Of course, you’re encouraged to experiment, understand, and play around with the data and your code’s implementation. Be as messy as you need. Create multiple notebooks if you want as you’re exploring. The final result should be clean, readable, and tell a logical story in a single notebook.
Part 1: Data Preprocessing
Overview: For Part 1, you will be downloading Parquet files (both by hand and with Python code), cleaning and filtering for the relevant data, filling in missing data, and generating samples of these datasets.
Downloading: For the zip code data and Zillow data, manually download the data from the links above and save it to a directory called data lives alongside your notebook. For the 311 and tree data, you will need to programmatically download the datasets in your notebook using the Application Token you set up earlier.

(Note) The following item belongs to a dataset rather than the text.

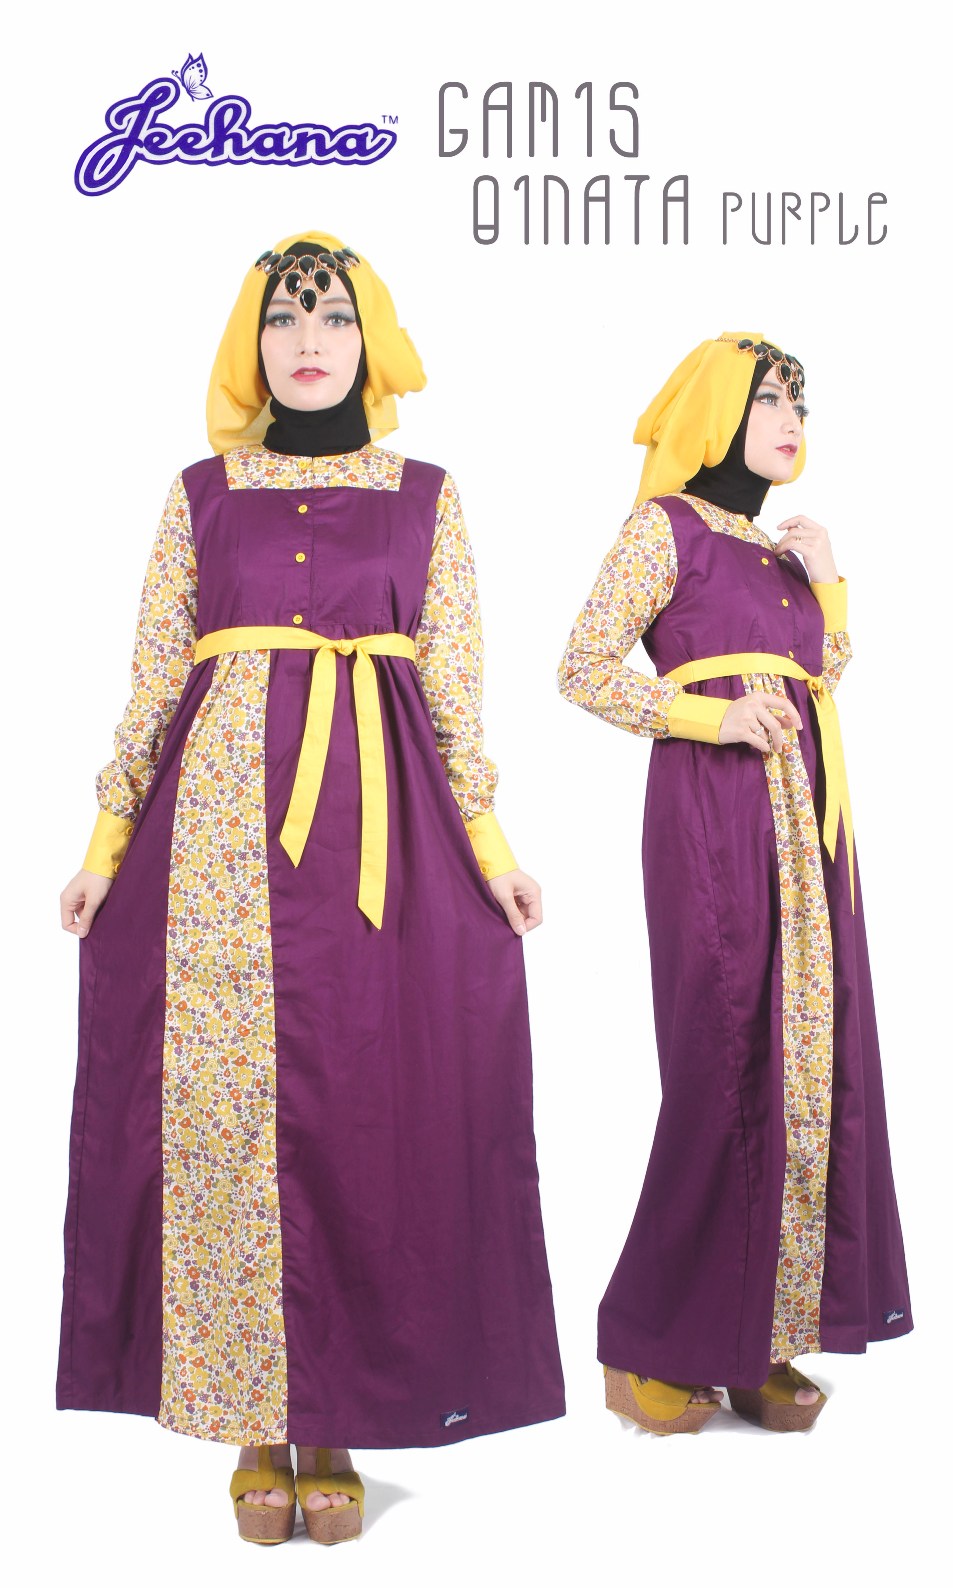 Baju Muslim Terbaru 2018 Online: Baju Gamis Qinata by Jeehana

Cleaning & filtering: You must use the pandas and geopandas packages to load and clean all the datasets. The process of cleaning & filtering the data should include:
- Removing unnecessary columns, and only keeping columns needed to answer questions in the other parts of this project;
- Remove invalid data points (use your discretion!);
- Normalize column names & column types where needed;
- Normalize the Spatial Reference Identifiers (SRID) of any geometry.
Tips for Part 1:
- Get familiar with what SRIDs are and how they’re used. Here is a walkthrough, and an even longer walkthrough with a handy introduction to PostGIS.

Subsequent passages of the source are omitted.